The first car in a series is good. But the last car is best. A real, documented and important history makes it better. Commercial success is good, but success in competition is better, and the overall winner of the 24 Heures du Mans is the best of all.

The expression of all these attributes is the 1962 Ferrari 330 TRI/LM, chassis number 0808. The only 4-liter Testa Rossa built, it is also the last Testa Rossa and the last front-engined sports racing car built by Ferrari. Driven by Phil Hill and Olivier Gendebien, it is the last front-engined car to capture the overall victory at Le Mans.

Restructured rules and classifications for 1962 placed emphasis upon GT cars and eliminated the 3-liter sports-racing class the Testa Rossas had dominated. The displacement limit for GTs was increased to 4 liters and a new Experimental category was added with a 4-liter displacement limit. Ferrari's current sports-racers were by now mid-engined and V6 or V8 powered, but Ferrari decided to create the ultimate Testa Rossa for the Experimental category, the 330 TRI/LM.

Fantuzzi created the longer body, which Phil Hill described in a Road & Track article as "&a combination of the old Testa Rossa shape, but with the double nostril nose and the cutoff tail-with-a-spoiler that were used on the mid-engine cars." He continued, "Testa Rossas were the reason Ferrari was able to dominate sports car racing in much of the world, and produce some of the most beautiful sports racing cars of the postwar era. In 1962& the TR lineage was about to end and the 330 [TRI/LM] became the last Testa Rossa. Seen from that view, the big car's lines look even better, flowing yet tough, the graceful shape only interrupted when necessary by an air scoop, a bonnet handle or a leather strap, &the rounded looks-good-to-the-eye shape of the '50s ending at the scientific cutoff Kamm tail of the '60s."
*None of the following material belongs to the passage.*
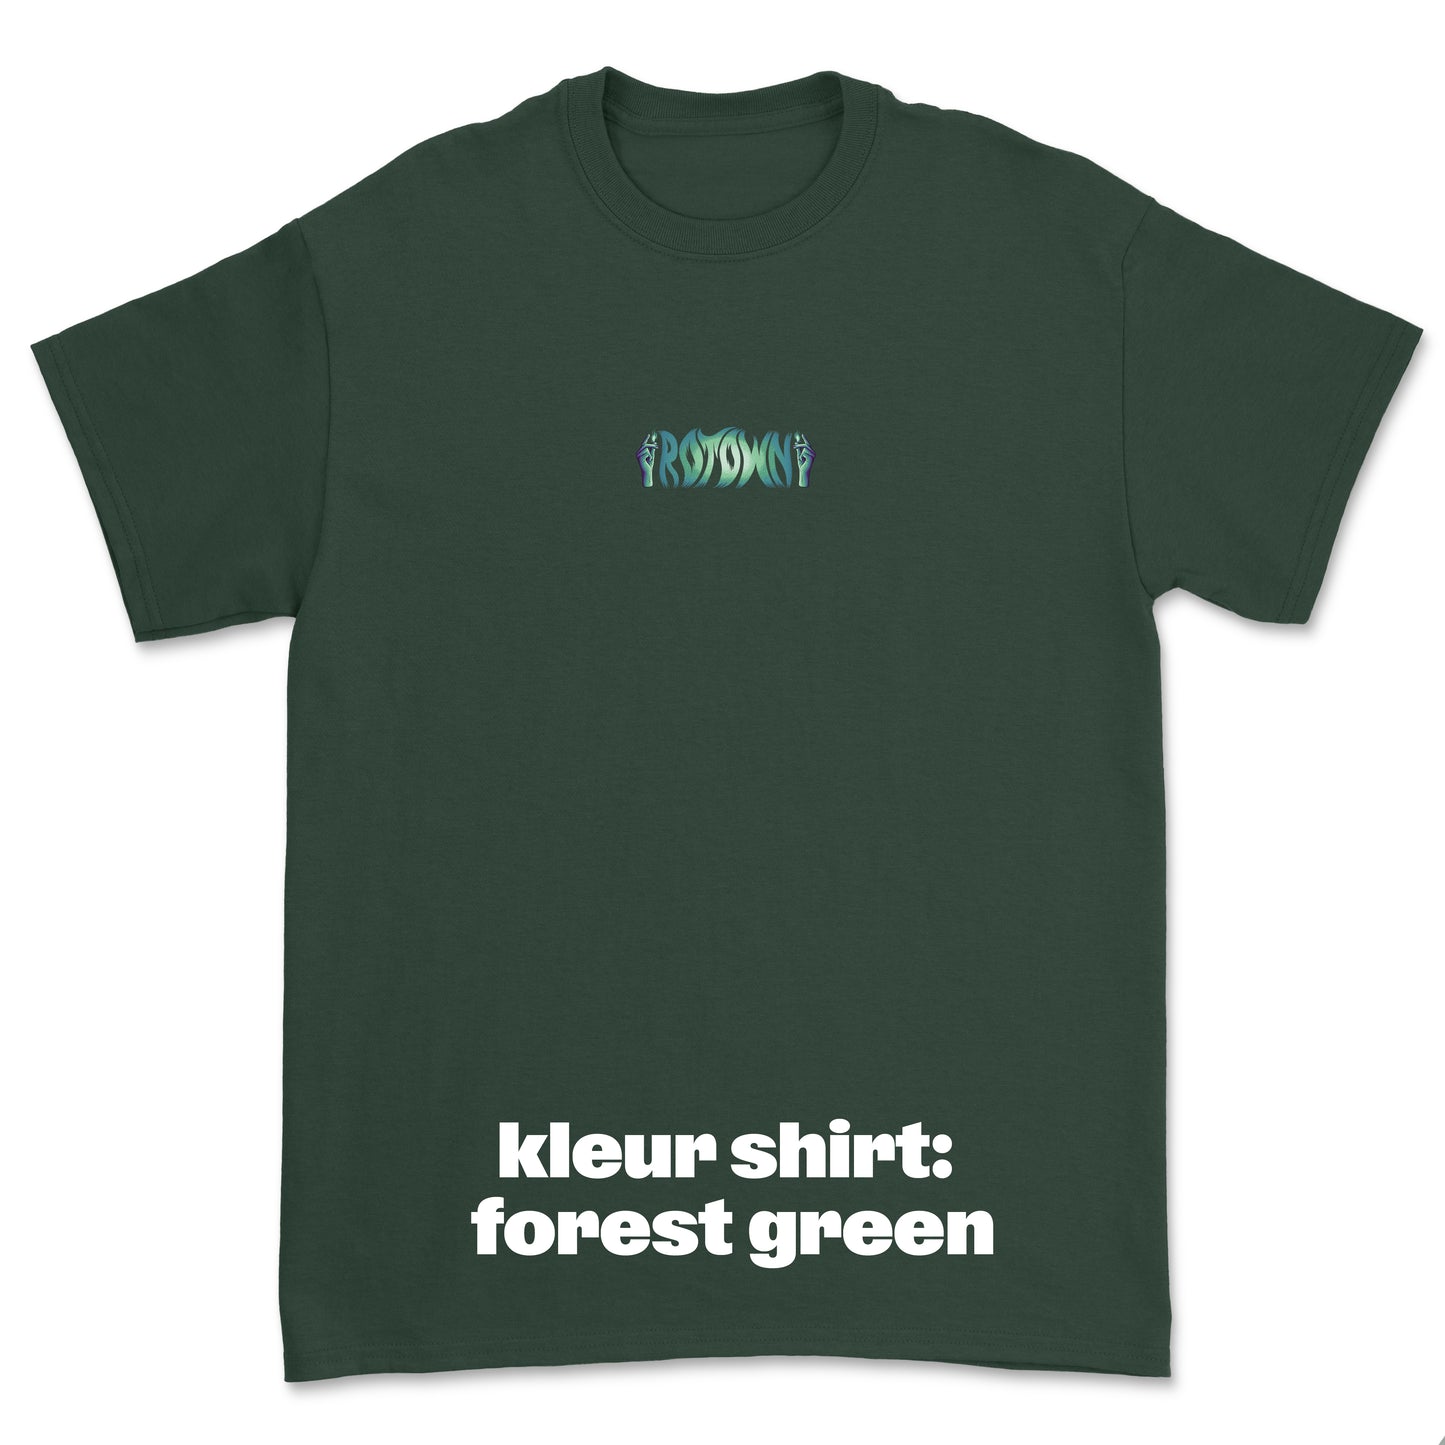 T-shirt 'Rotown Vuur' • klein groen logo midden

Following Le Mans, the 330 TRI/LM was sold to Luigi Chinetti's North American Racing Team and on to Don Rodriguez. Having seen the car's success firsthand, he was determined to put Pedro in it for the North American season. N.A.R.T. returned to Le Mans with the 330 TRI/LM in 1963, where it ran in third until after midnight, when the engine threw a connecting rod.

The damaged 0808 was sent back to Ferrari, where it was rebodied, first as a spider and later with a unique coupe body. Shipped back to the United States, it was sold to Hisashi Okada, who drove the TRI/LM for nine years on the streets of New York before succumbing in 1974 to the entreaties of Pierre Bardinon.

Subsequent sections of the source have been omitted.